Abstract

Background

Respiratory syncytial virus (RSV) is a leading cause of acute lower respiratory tract infection (ALRTI) in young children, but data on surveillance case definition performance in estimating burdens have been limited.

Methods

We enrolled children aged <5 years hospitalized for ALRTI (or neonatal sepsis in young infants) through active prospective surveillance at 5 sentinel hospitals in South Africa and collected nasopharyngeal aspirates from them for RSV molecular diagnostic testing between 2009 and 2014. Clinical data were used to characterize RSV disease and retrospectively evaluate the performance of respiratory illness case definitions (including the World Health Organization definition for severe acute respiratory infection [SARI]) in identifying hospitalized children with laboratory-confirmed RSV according to age group (<3, 3–5, 6–11, 12–23, and 24–59 months).

Results

Of 9969 hospitalized children, 2723 (27%) tested positive for RSV. Signs and symptoms in RSV-positive children varied according to age; fever was less likely to occur in children aged <3 months (57%; odds ratio [OR], 0.8 [95% CI, 0.7–0.9]) but more likely in those aged ≥12 months (82%; OR, 1.7–1.9) than RSV-negative children.
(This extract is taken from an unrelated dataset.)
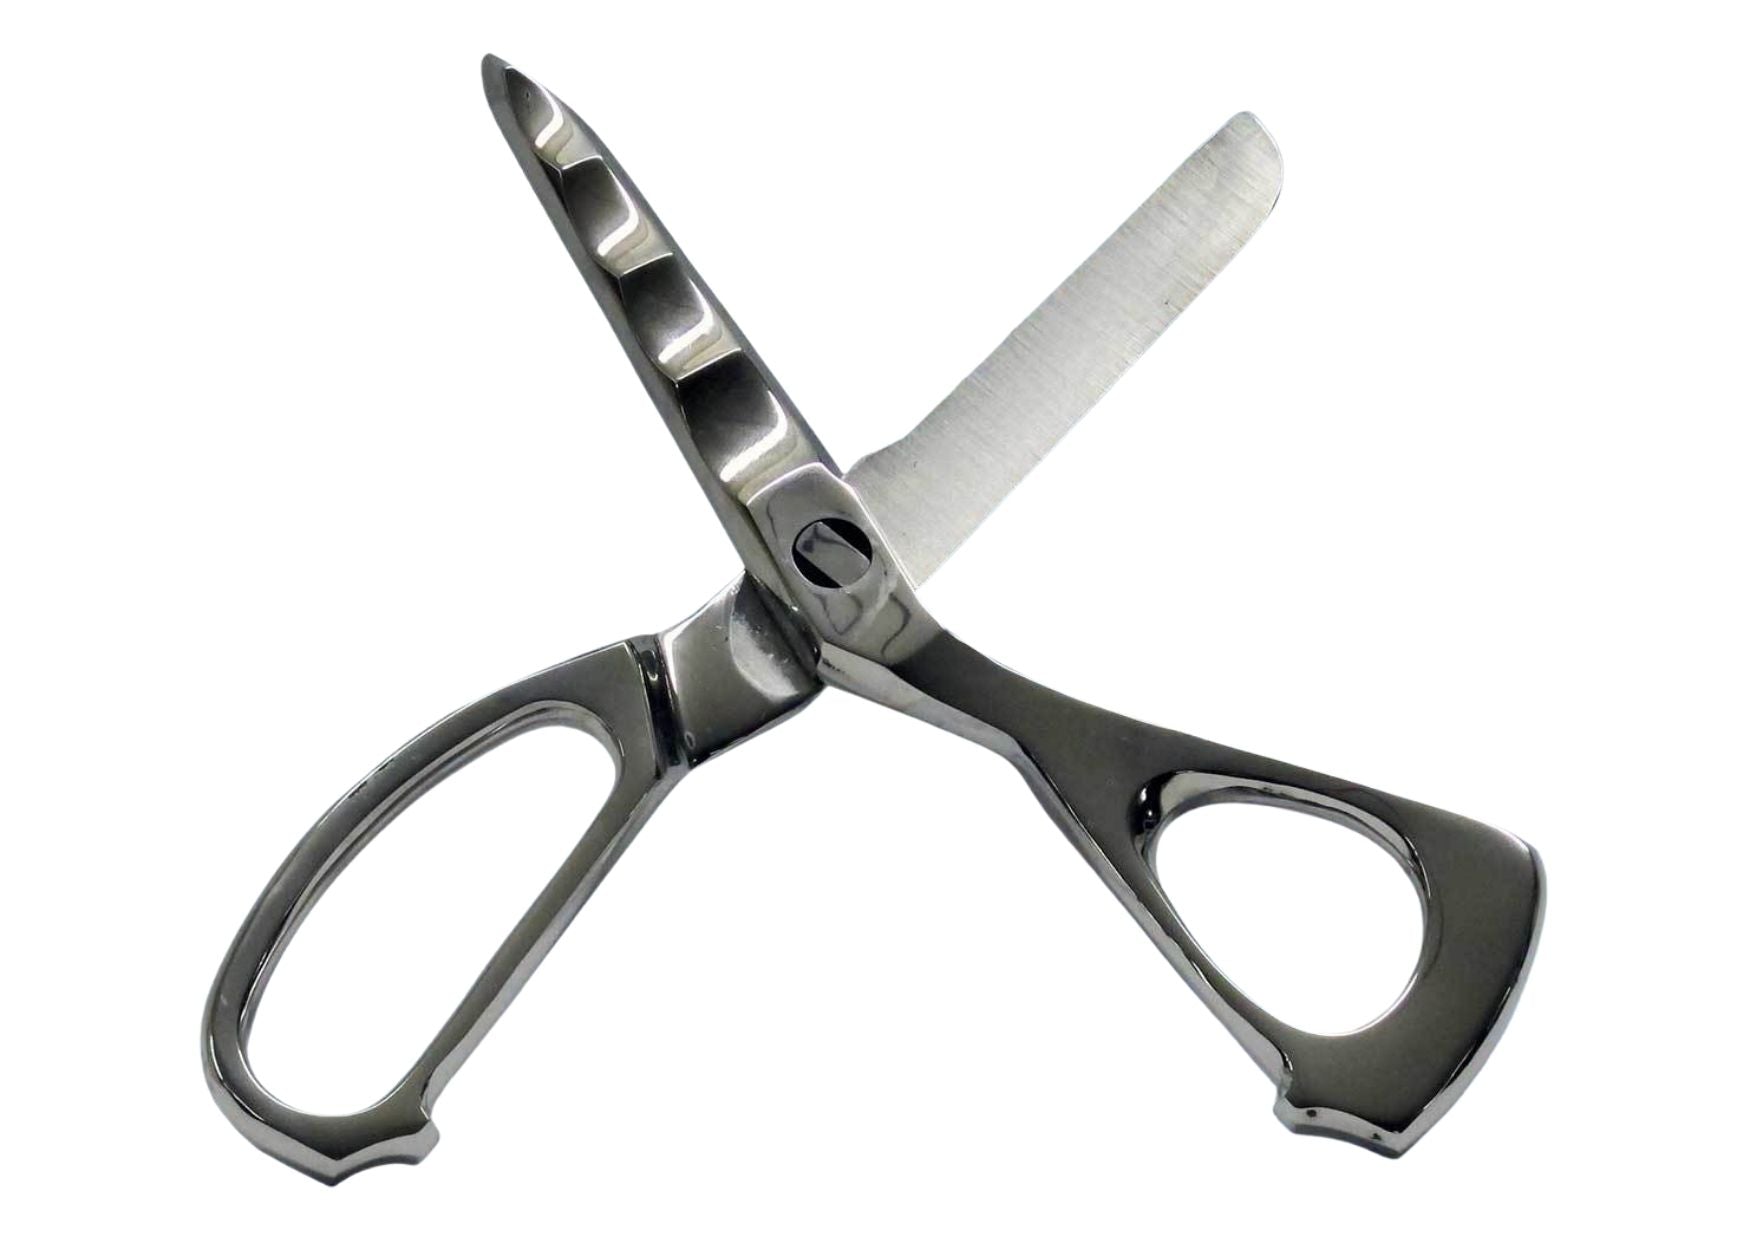 Lavabis multifunction rescue shears with holster stainless steel

The sensitivity (range, 55%–81%) and specificity (range, 27%–54%) of the SARI case definition to identify hospitalized RSV-positive children varied according to age; the lowest sensitivity was for infants aged <6 months. Using SARI as the case definition would have missed 36% of RSV-positive children aged <5 years and 49% of those aged <3 months; removing the fever requirement from the definition recovered most missed cases.

Conclusion

Including fever in the SARI case definition lowers the sensitivity for RSV case detection among young children hospitalized with an ALRTI and likely underestimates its burden.